Throughout the process, critics pointed to several concerns. An Environmental Protection Agency review noted several deficiencies in the DEIS, including issues related to environmental justice, health, and community impacts." Though CSX stated that it planned to use a cut-and-cover method to maintain rail and road traffic during construction, neighbors were concerned because it would necessitate partial closures of Virginia Avenue for three years. Citing the 2013 Lac-Mégantic derailment, critics expressed concern about crude oil shipments through the city, but CSX assured that the tunnel improvements would not lead to more crude oil shipments. Opponents of the new tunnels also accused CSX, DDOT, and FHWA of rushing the project without properly addressing local concerns or exploring alternative options.

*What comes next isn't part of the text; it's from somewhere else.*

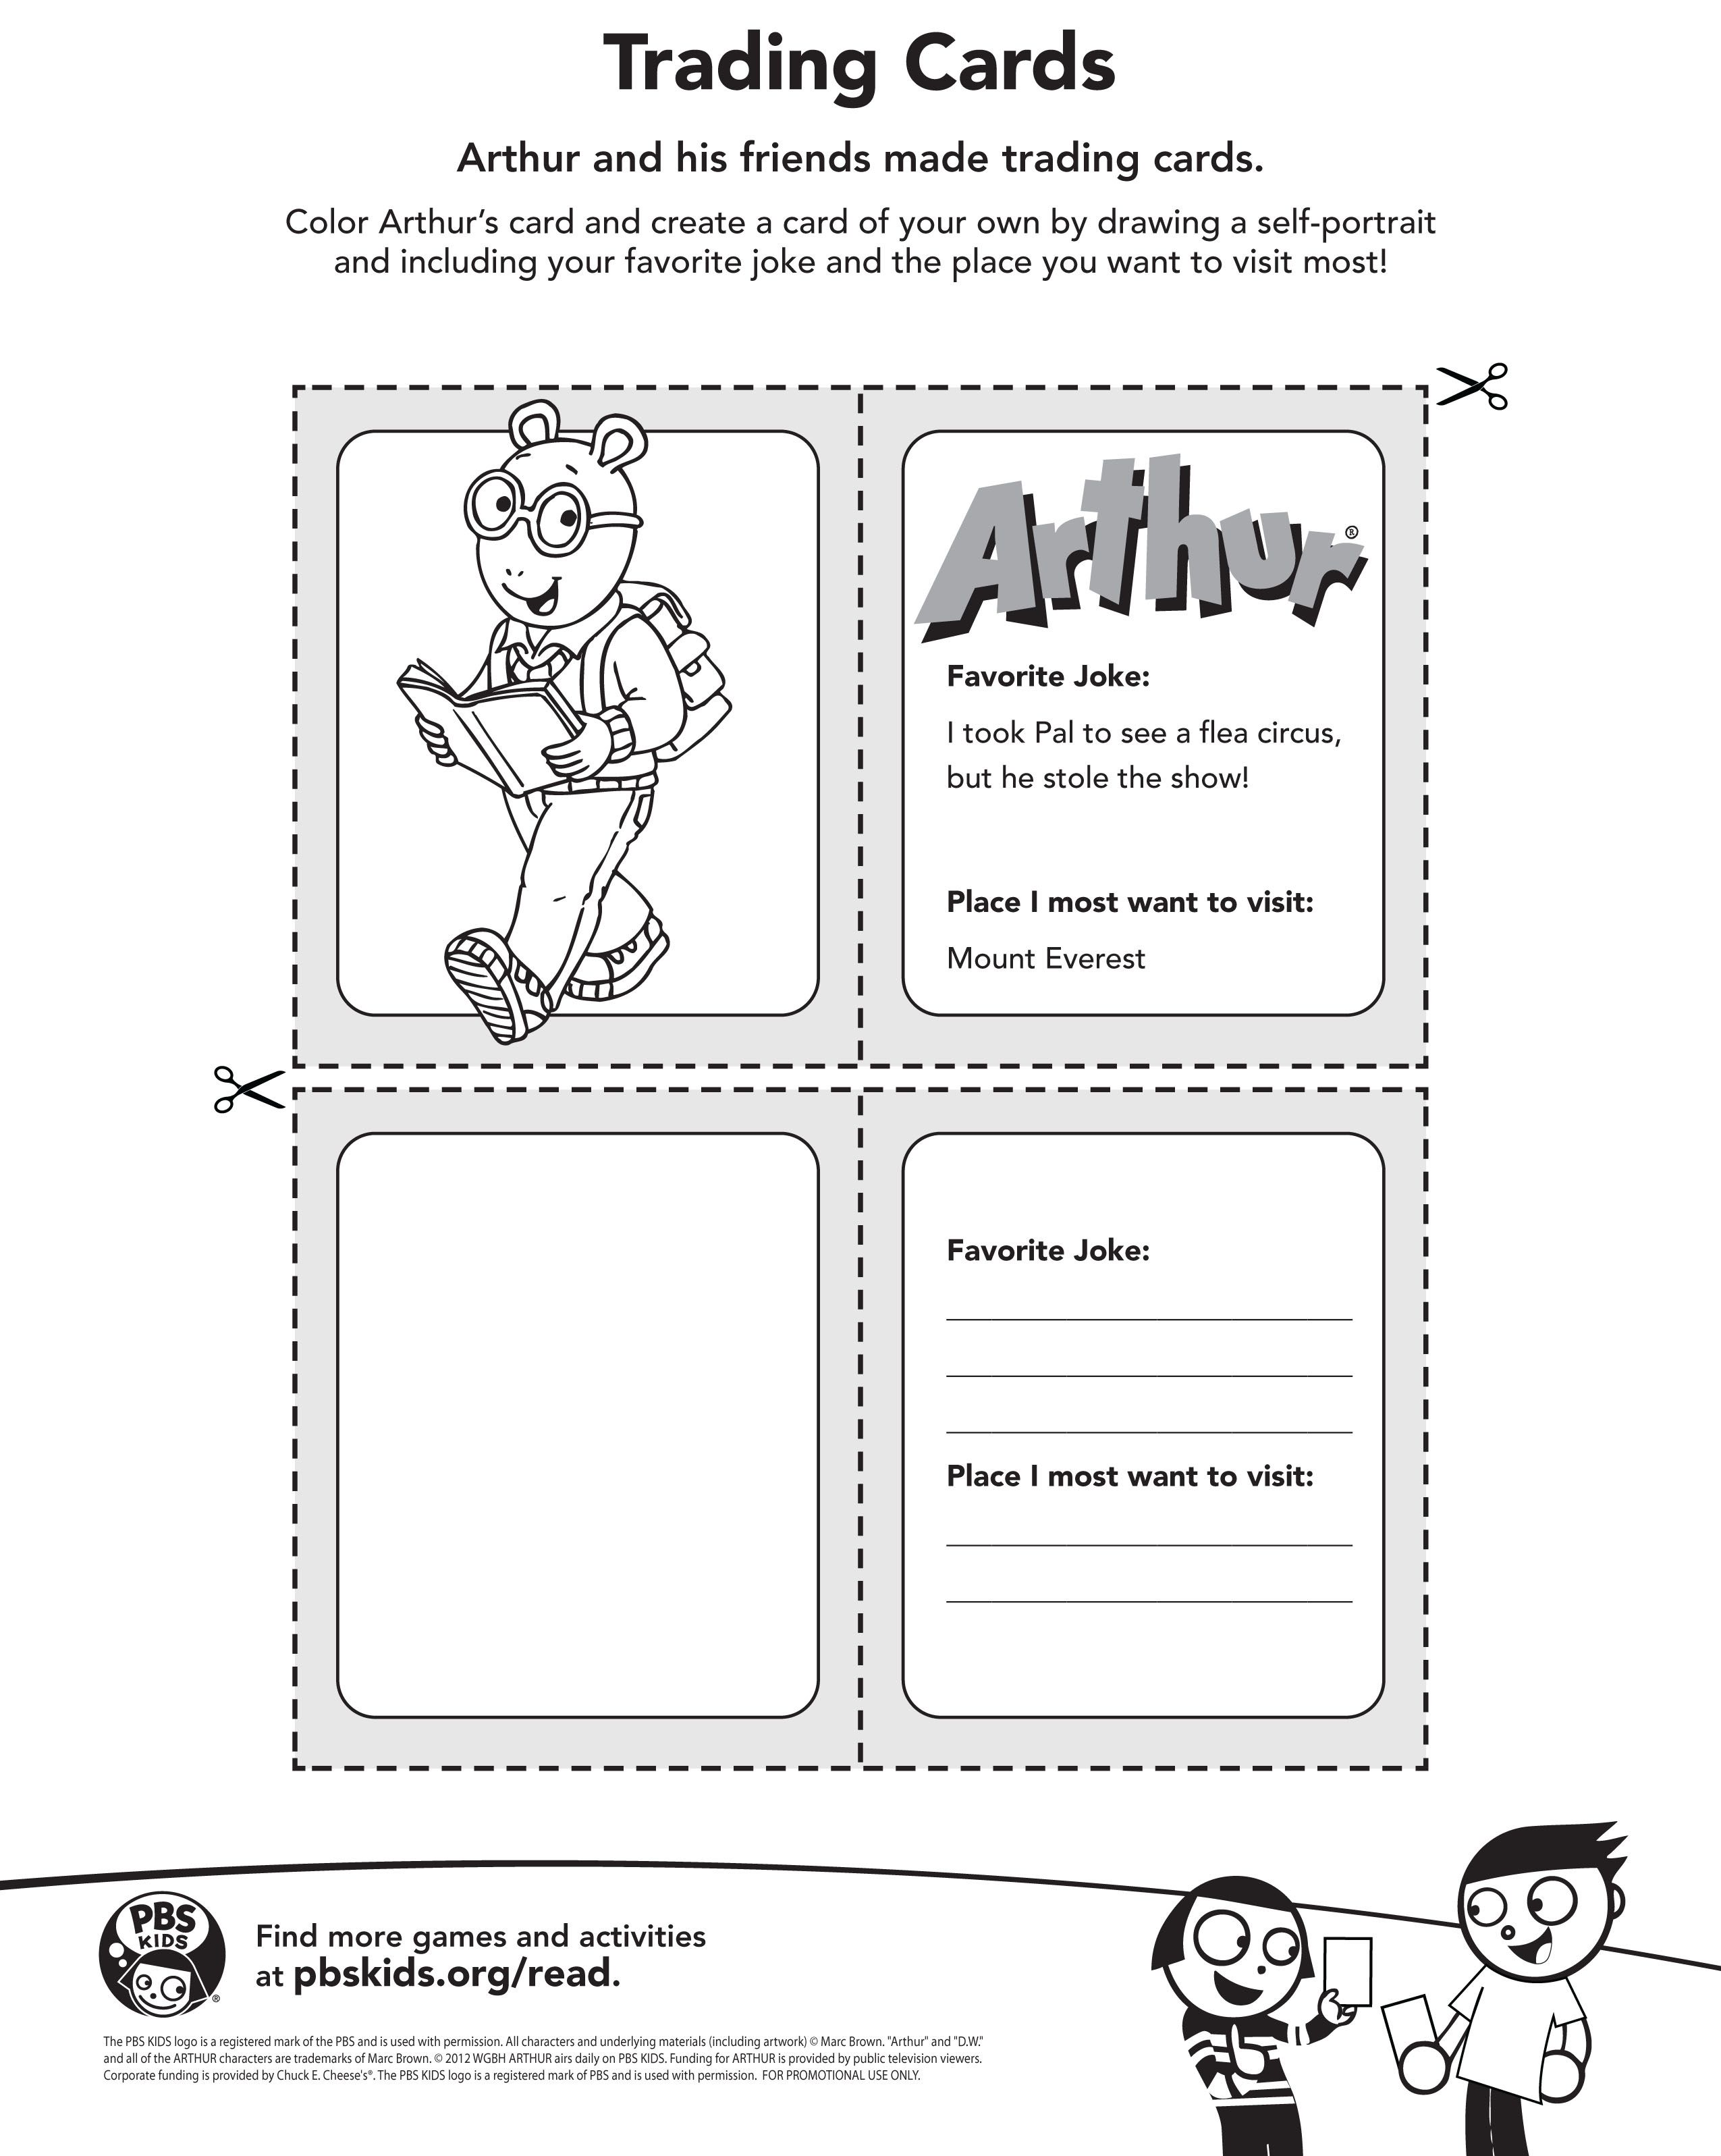 Creating Your Own Trading Card Just Like Arthur Arthur

Congressional Delegate Eleanor Holmes Norton requested an expedited release of the FEIS in April 2014 to resolve the ongoing issue.

The FHWA released the 2,639-page FEIS on June 13, 2014, which favored renovating and replacing the existing tunnel rather than rerouting trains through new lines in Southern Maryland. The FEIS offered some financial compensation to affected residents, though many felt it did not adequately address their concerns.

Appendix A of the FEIS revealed that DDOT issued an occupancy permit in 2012, granting CSX a right-of-way, before the review was complete.

Delegate Norton requested an extension for the review period to allow residents more time to assess the impact of the project, but one was not granted.

The FHWA issued a Record of Decision, approving the tunnel project on November 4, 2014. Lawsuits attempting to stop the project were denied in court decisions, and construction on the project began in 2015.

===Construction and opening===
The first phase of the project was completed on December 23, 2016, when the first double-stack train passed through the newly constructed parallel tunnel. Work then began on removing the old tunnel and replacing it with a new, taller one. The full project was completed in fall 2018.